Já a resolução 302 estabelecia uma faixa mínima de 30 metros de proteção ao redor de reservatórios artificiais, como são exemplos as represas Billings, Guarapiranga e Cantareira, em São Paulo. A revogação libera essas áreas para habitação e usos econômicos, o que poderia colocar em risco a segurança das áreas e também a qualidade das águas.
O conselho também revogou a resolução 284, que submetia projetos de irrigação ao processo de licenciamento ambiental. Entre as implicações ambientais da irrigação, está a competição pelo abastecimento de água e também o risco de contaminação por agrotóxicos. A agropecuária usa 72% da água consumida no Brasil, segundo dados da da FAO, agência de alimentação e agricultura da ONU.
A reunião aprovou ainda uma nova resolução que permite a queima de resíduos de poluentes orgânicos persistentes – como pesticidas, inseticidas e fungicidas usados na agricultura – em fornos de produção de cimento.
Altamente tóxicos, persistentes no ambiente e bioacumulativos (ou seja, não são eliminados pelo nosso organismo), esses poluentes estão ligados a disfunções hormonais, imunológicas, neurológicas e reprodutivas.
Segundo a Organização Mundial da Saúde, sua queima não-controlada, sob temperatura inadequada ou com combustão incompleta pode gerar subprodutos ainda mais tóxicos.
As revogações contaram com aprovação ampla do colegiado, formado majoritariamente por representantes do governo federal e das associações do setor privado – as confederações nacionais da indústria (CNI) e da agricultura (CNA), que também foram proponentes das revogações.
Registraram voto contrário a todas as revogações o estado do Piauí e as duas ONGs presentes na reunião – o Instituto Internacional de Pesquisa e Responsabilidade Socioambiental Chico Mendes e a Associação Novo Encanto de Desenvolvimento Ecológico.
O estado do Rio Grande do Sul também registrou voto contrário a duas das três revogações. O secretário de meio ambiente do estado, Artur Lemos Júnior, argumentou que a norma sobre licenciamento para irrigação deveria ser alterada, e não revogada.
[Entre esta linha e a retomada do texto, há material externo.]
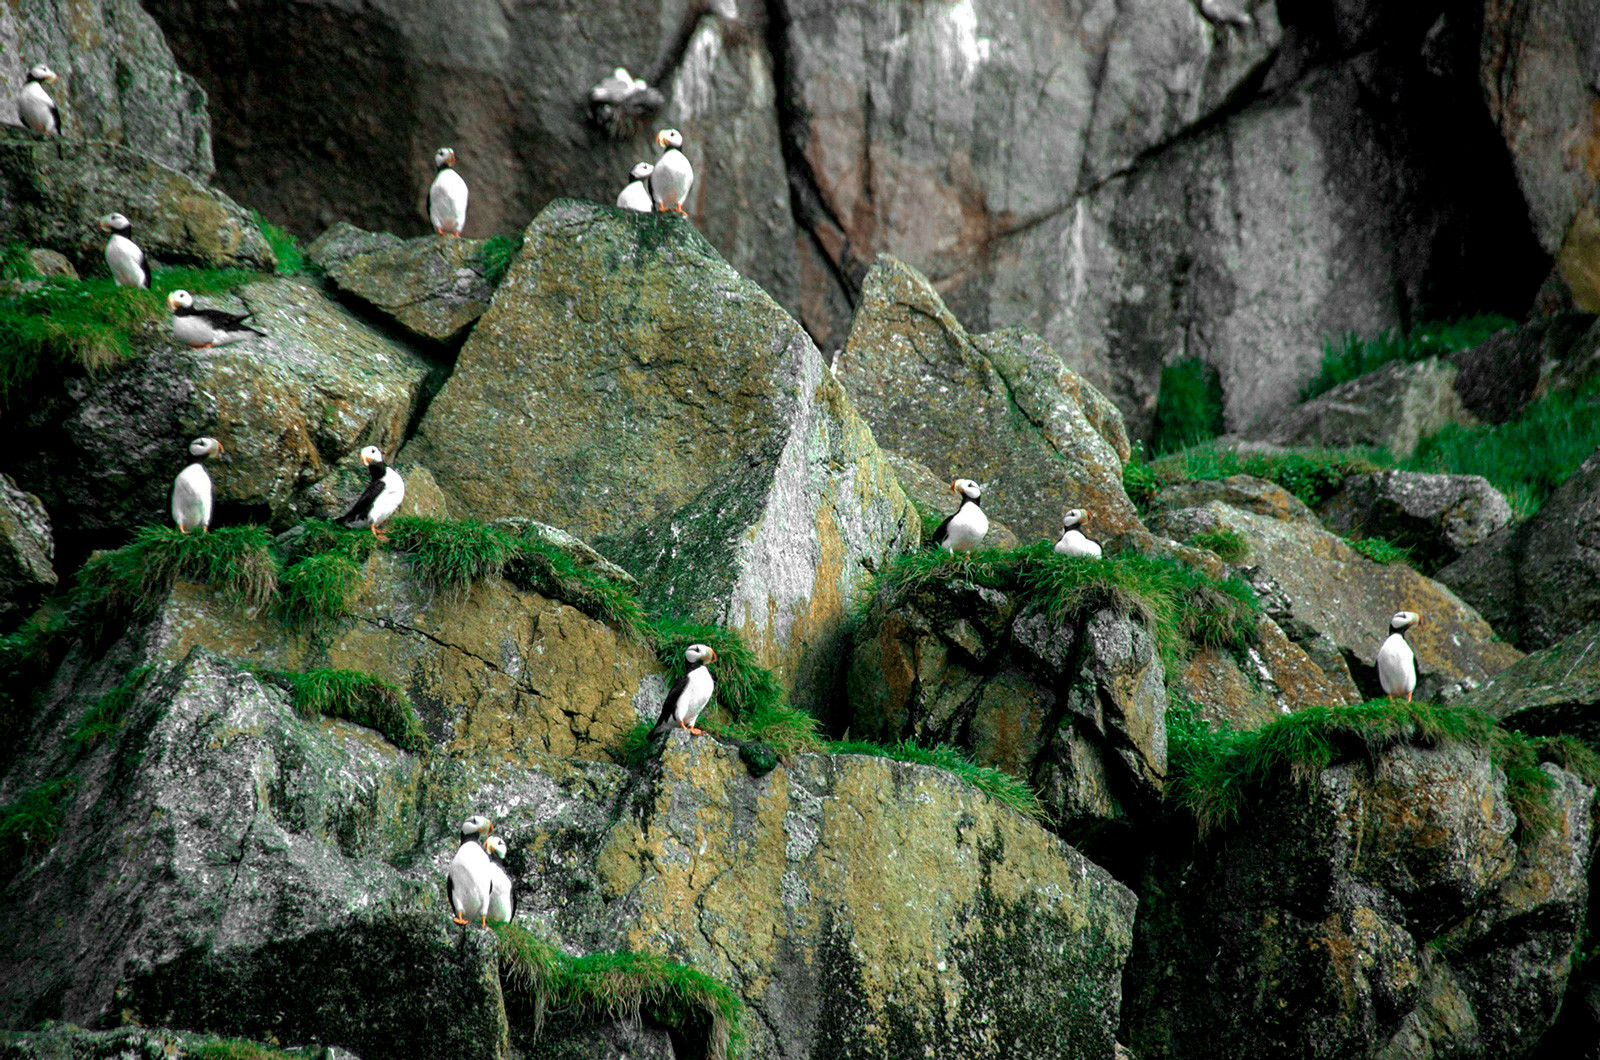 Horned puffins at the Little Diomede island

O secretário também defendeu que a resolução 303, que trata da proteção de áreas de manguezal e restinga, fosse alterada para se adaptar ao que foi estabelecido pelo Código Florestal, mantendo critérios específicos que não haviam sido atendidos pela legislação.
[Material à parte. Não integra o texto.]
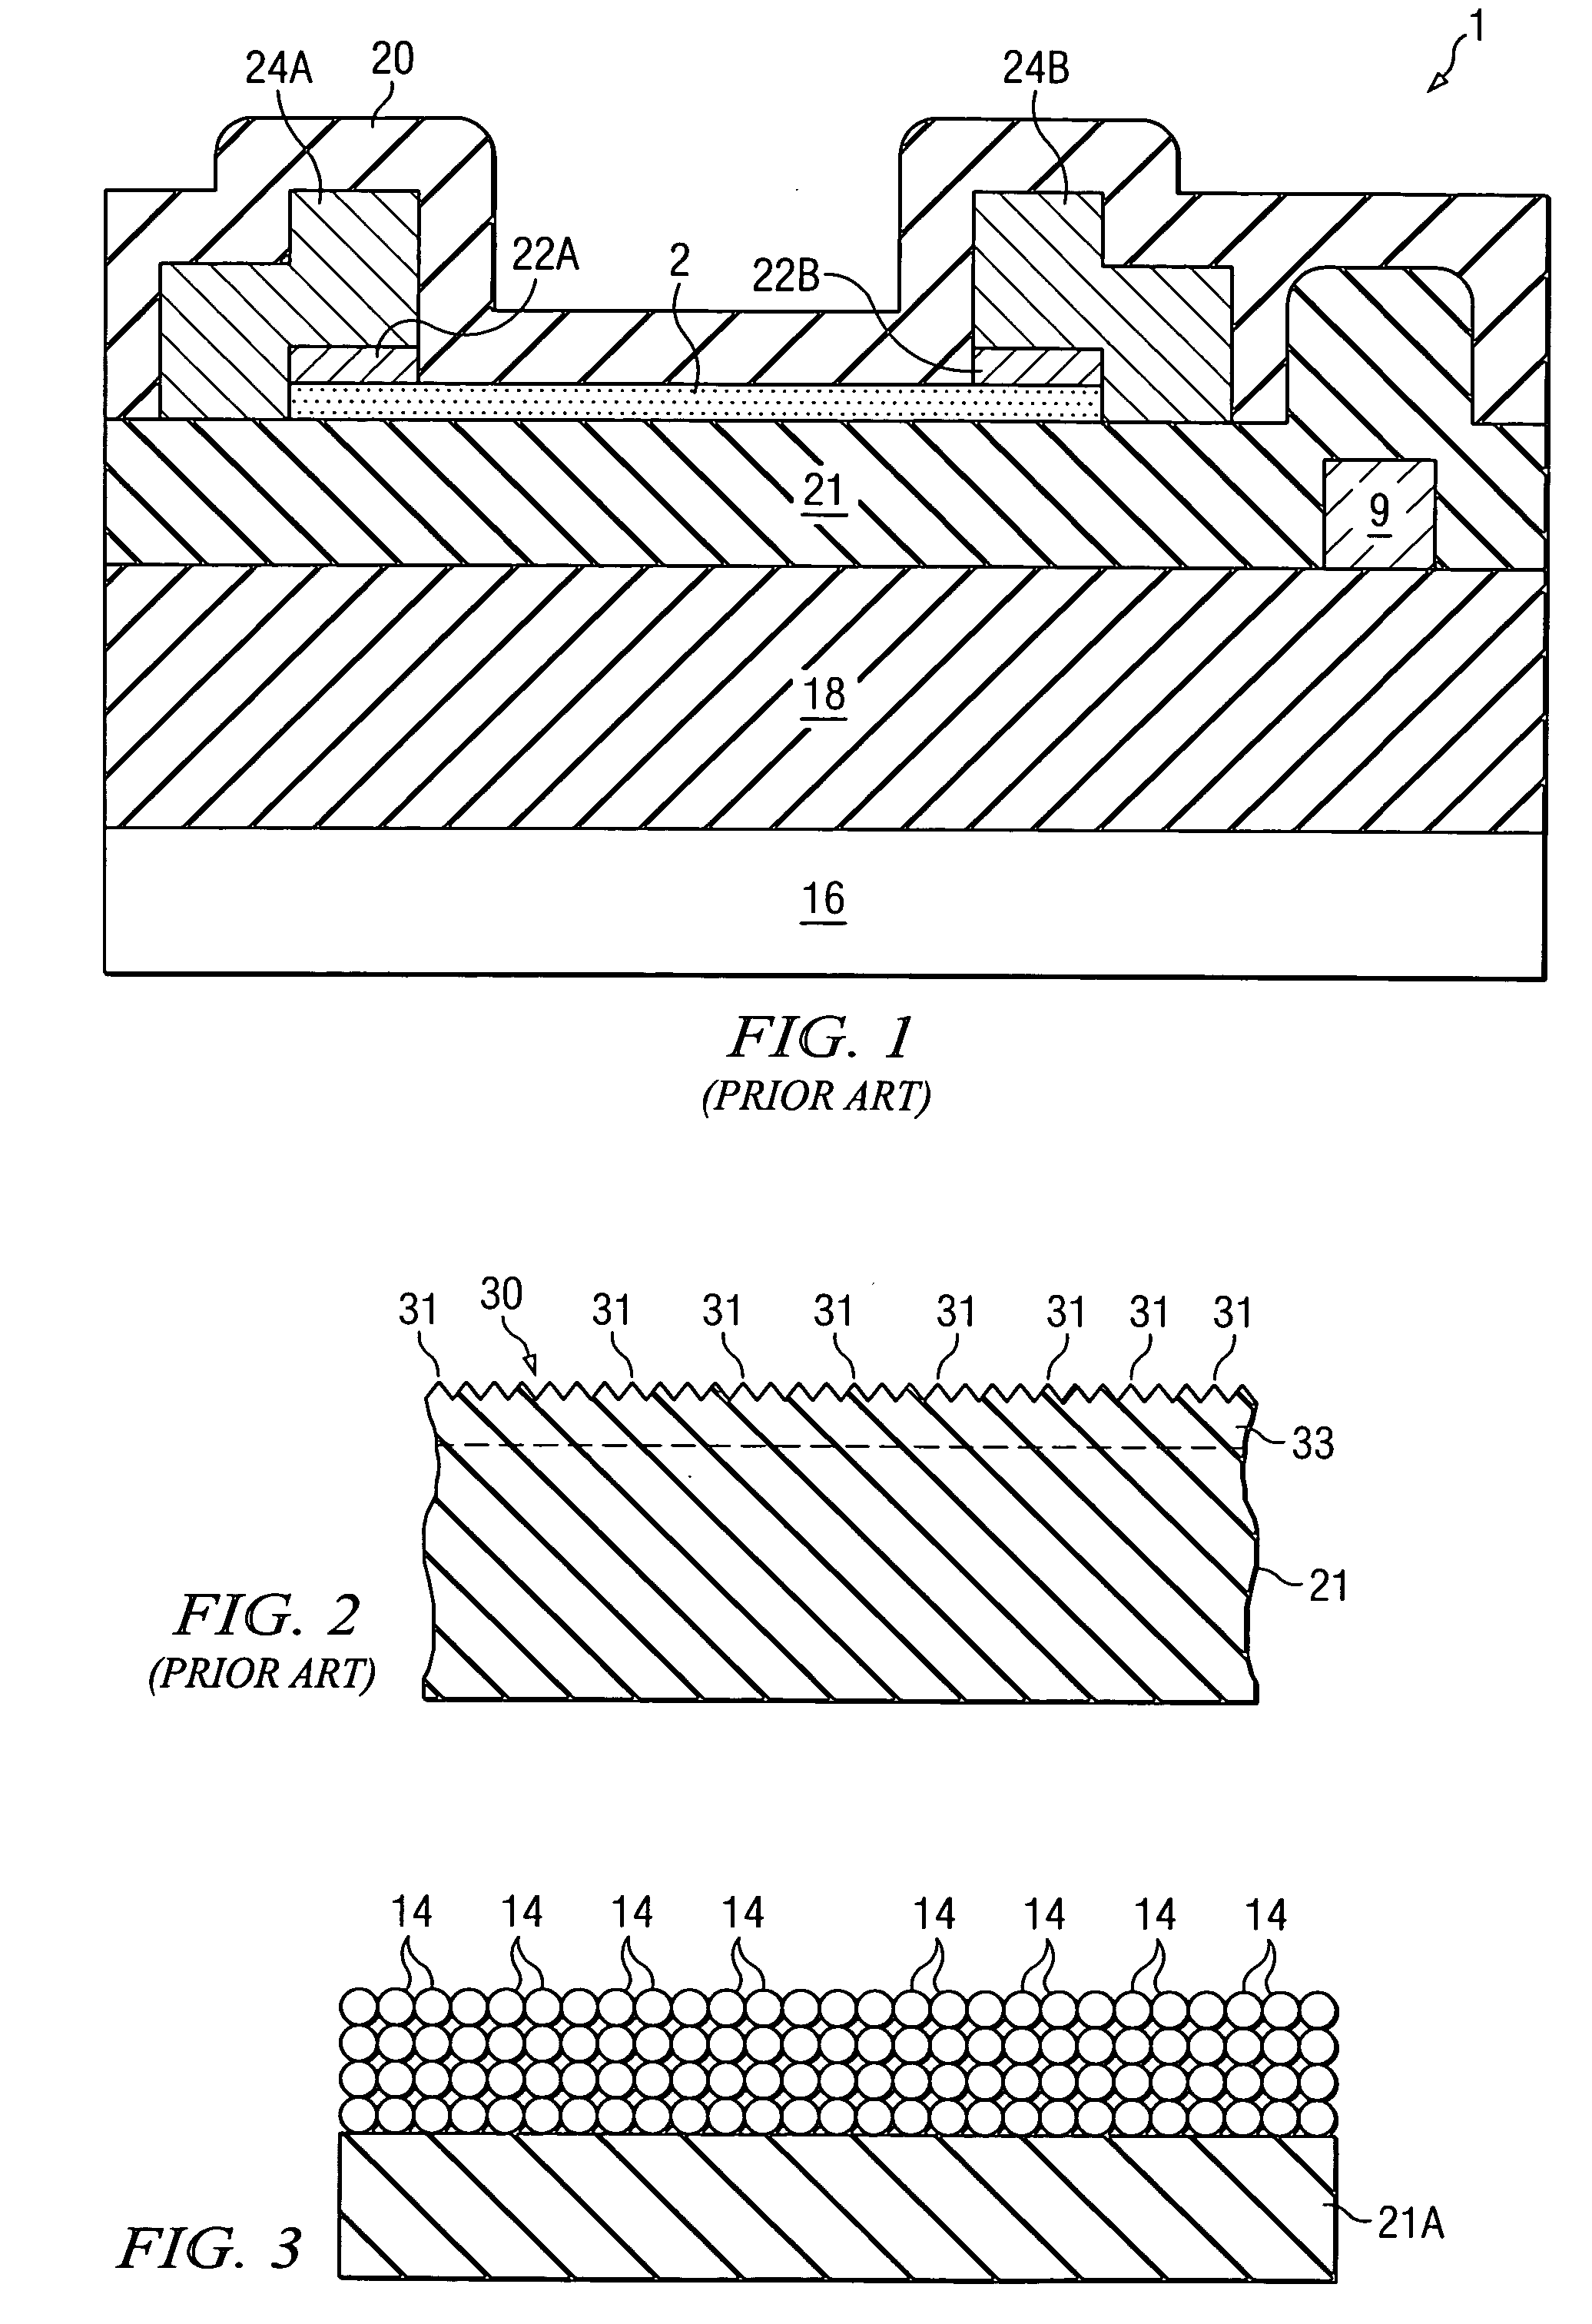 Structure and method for minimizing substrate effect on nucleation during sputtering of thin film resistors

“Estamos partindo de uma guerra fiscal para uma guerra ambiental, pois em alguns estados vai ser mais restritivo e, em outros, não”, pontuou Lemos, em defesa da manutenção da resolução.
“Não seria mais adequado facultar aos órgãos estaduais estabelecer seus critérios técnicos, em vez de um critério genérico, que pode ser pertinente para algumas localidade e impertinente para outras?”, Salles perguntou ao secretário, que devolveu um exemplo.
“Nosso receio é: em estados do Nordeste, o Rio Grande do Norte principalmente, tem empreendimento eólicos quase que em cima de dunas. Aqui no Rio Grande do Sul, por sermos mais protetivos e sob a legislação vigente, entendemos que não [poderia haver a instalação]. E aí passamos a perder esses investimentos aqui no Rio Grande do Sul”, respondeu.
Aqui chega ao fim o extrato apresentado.